Friday, April 24, 2009

Anzac Girls 2009

Commemorating ANZAC DAY, April 25th, 2009

The ANZACs* of 1915 formed a pivotal moment in New Zealand's history as our national identity was forged on the battlefields of Gallipoli, Turkey during World War I. Drawn from a population of just under 1 million, 10% of which served overseas, 2721 soldiers were killed and more than 7000 wounded, the flower of our manhood.

*Australia New Zealand Army Corp

The women during this period, holding the fort at home, have earned my deep respect. When men's presence is required elsewhere, whether it be for protection, provision, or pioneering and exploration, women often have to shoulder tasks that require unaccustomed strength and courage, mental and physical acumen. The challenge was then and still is how to cope with these upheavals whilst keeping our femininity. I wonder, how did the Anzac's women do it?

Over the past decade, it's been amusing to watch the constant fossicking into the past by up-to-the-minute fashionistas. Trends dip into the weird as well as the wonderful, mixing eras in a hodge-podge of fine and freaky, dotting question marks over the distinction between classic, vintage, and historic. Among this season's fashion tableau, I've found a few reflections of early 20th century fashion, but first, so you get an idea of the era, let's look at these newspaper illustrations, circa 1915.

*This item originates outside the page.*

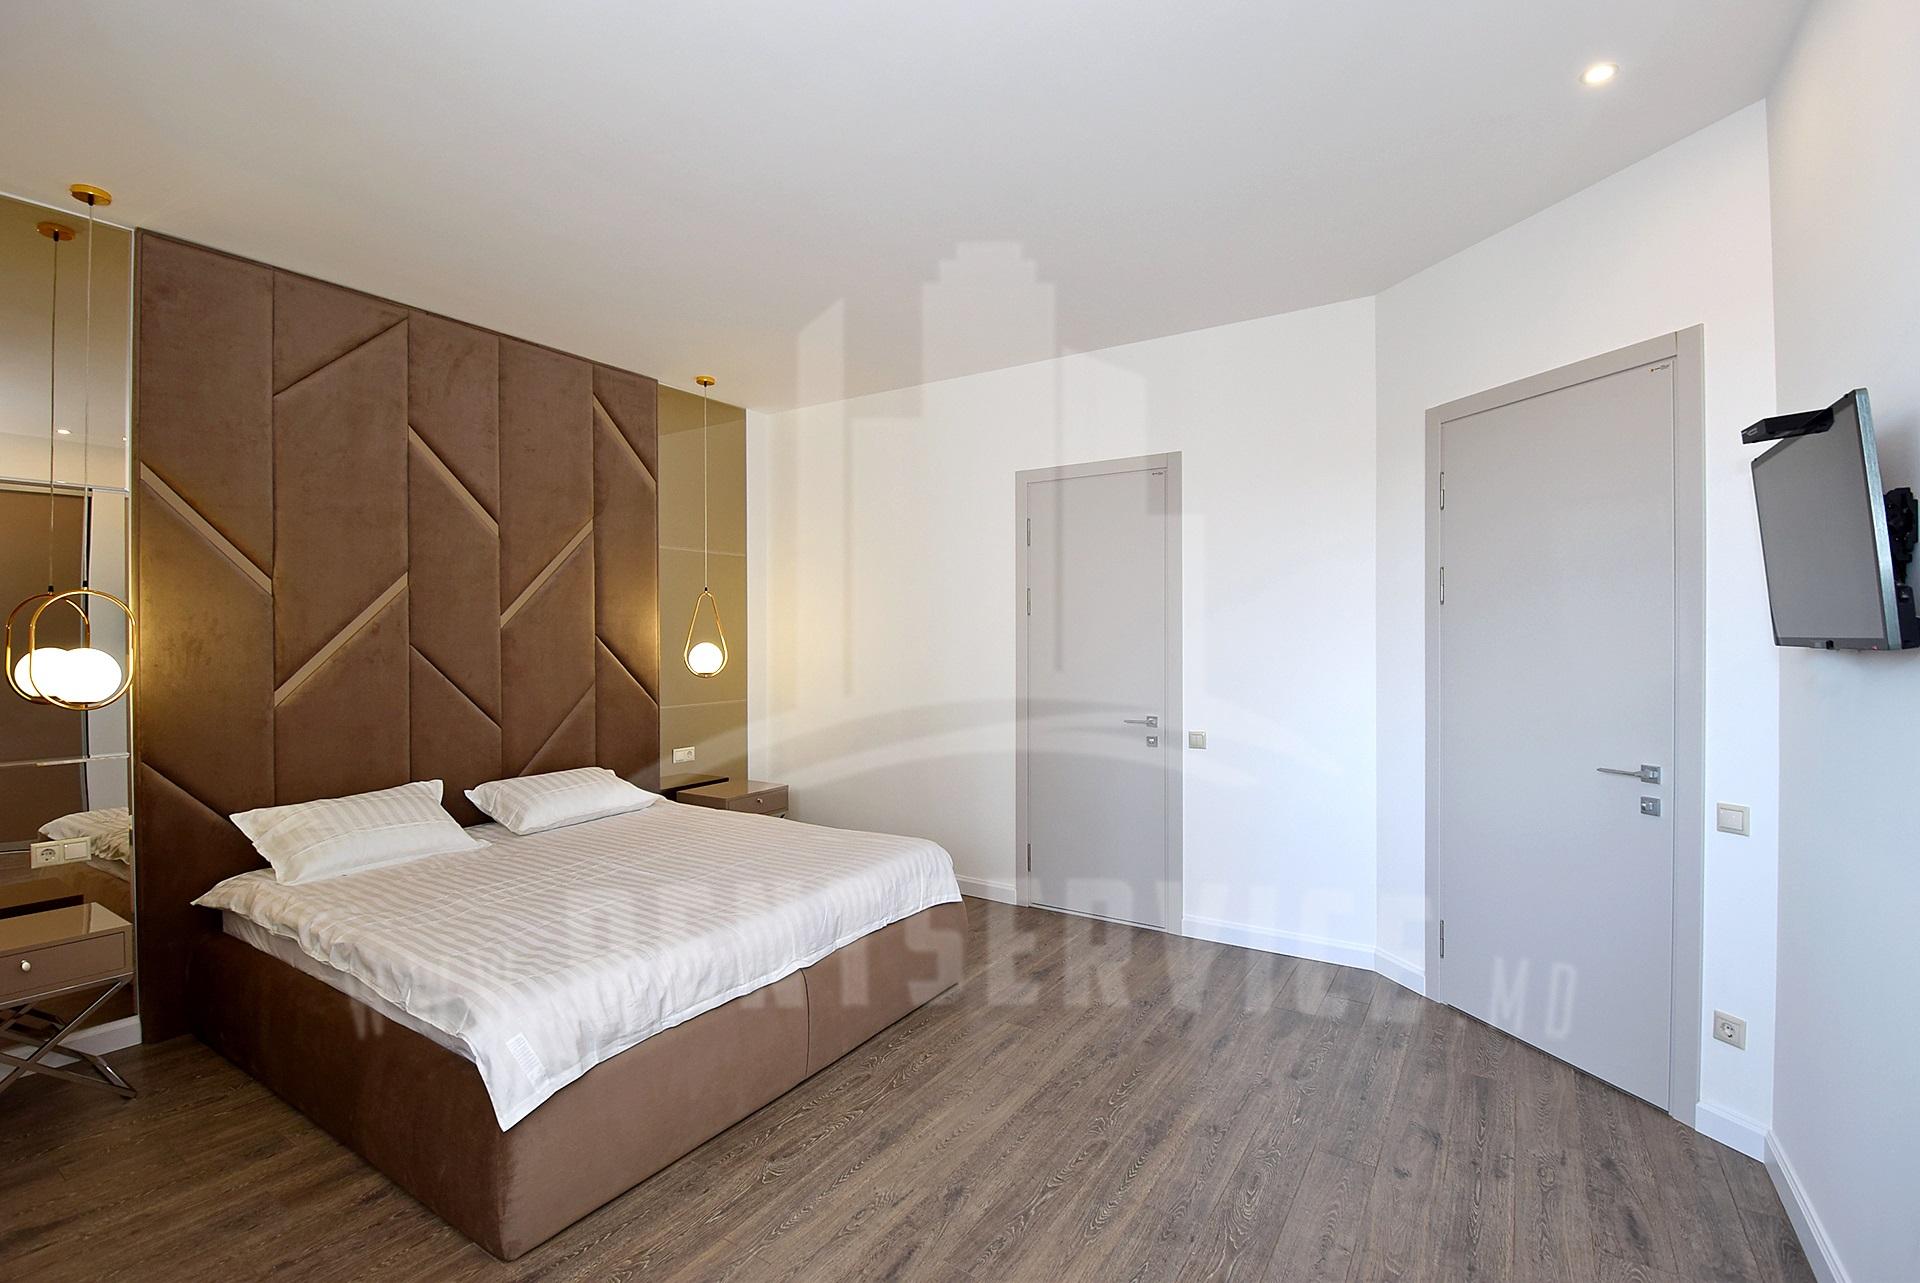 285_apartment_14.JPG
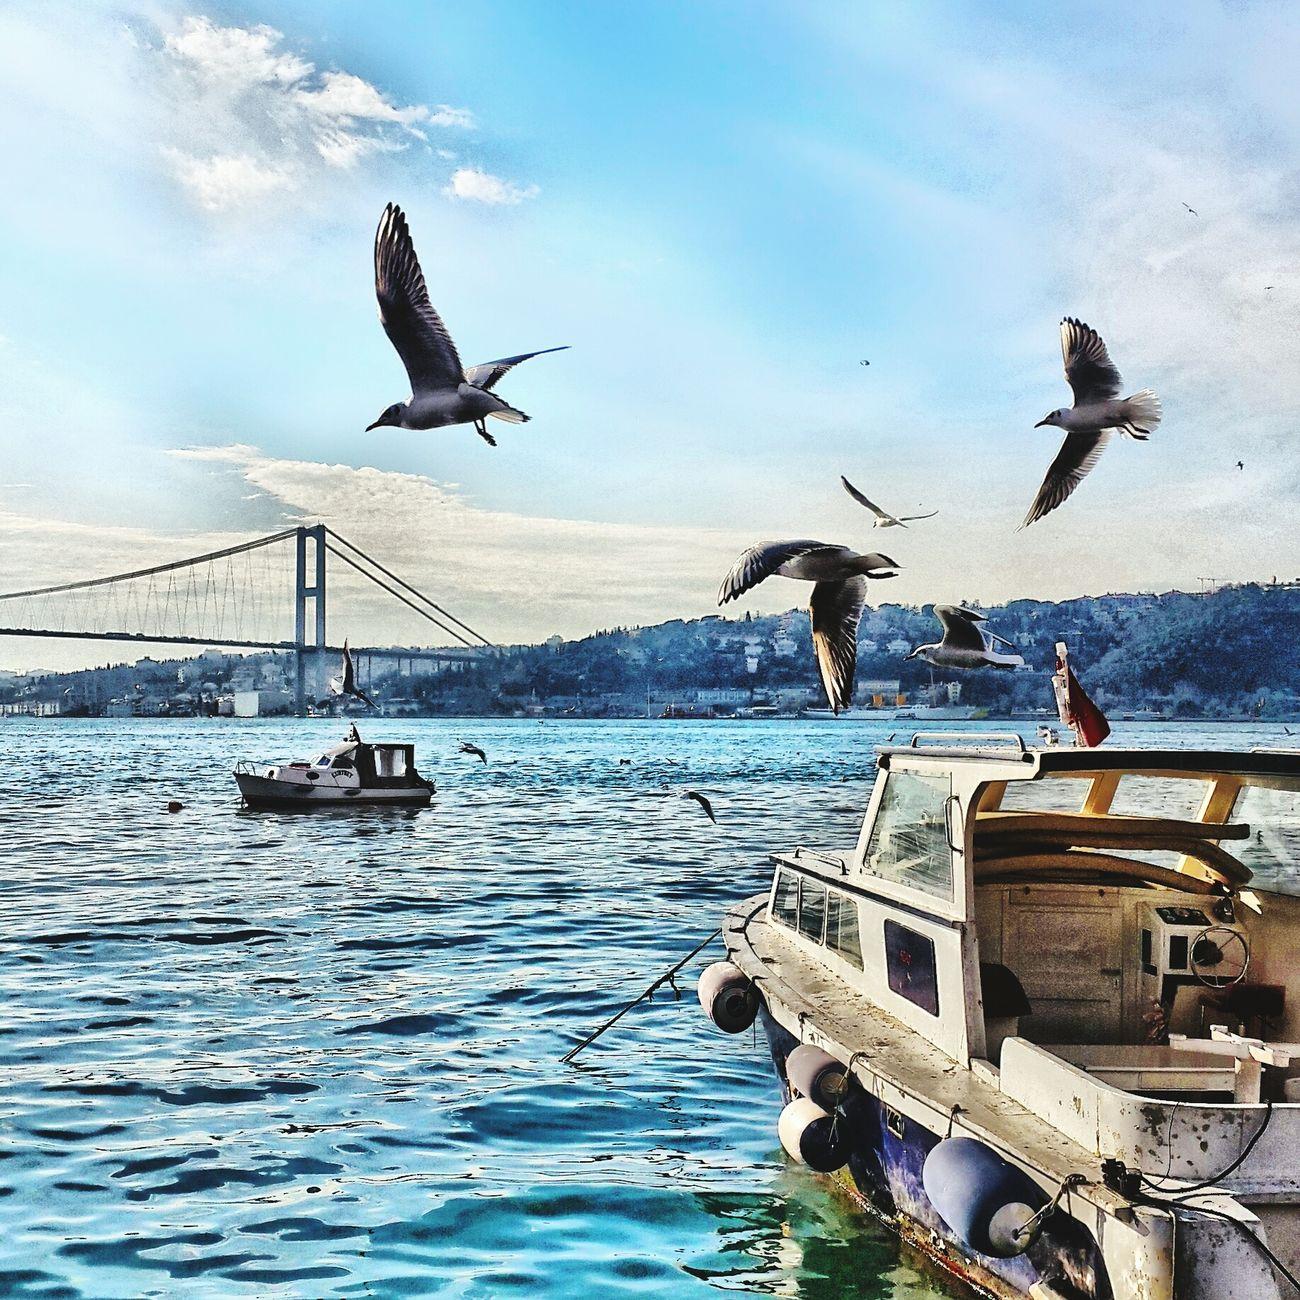 Turkishfollowers Vscodaily Instalove Hello World Instadaily Vscoonly Vscocamturkey Instamood Vscocam Vscoturkey Vscogrid Vscofilm Vscogood Instaphoto VSCO Fotografheryerde Instagood

The photographs contrast the dainty, refined woman and the active, outdoor woman. Fashion was adapting to cater for energetic pursuits.

Lady in White

In 1915, a lady of elegance dressed in fine cottons, voiles, and muslins, with white stockings and white, heeled pumps.

Here, women of Wanganui hoe potatoes to raise funds for wounded soldiers. Every single girl wears a white blouse, many with a tie or scarf at the neck. Most hems are above the ankle. This view shows half of the original photograph, in which there were 27 women and only one did not wear a hat.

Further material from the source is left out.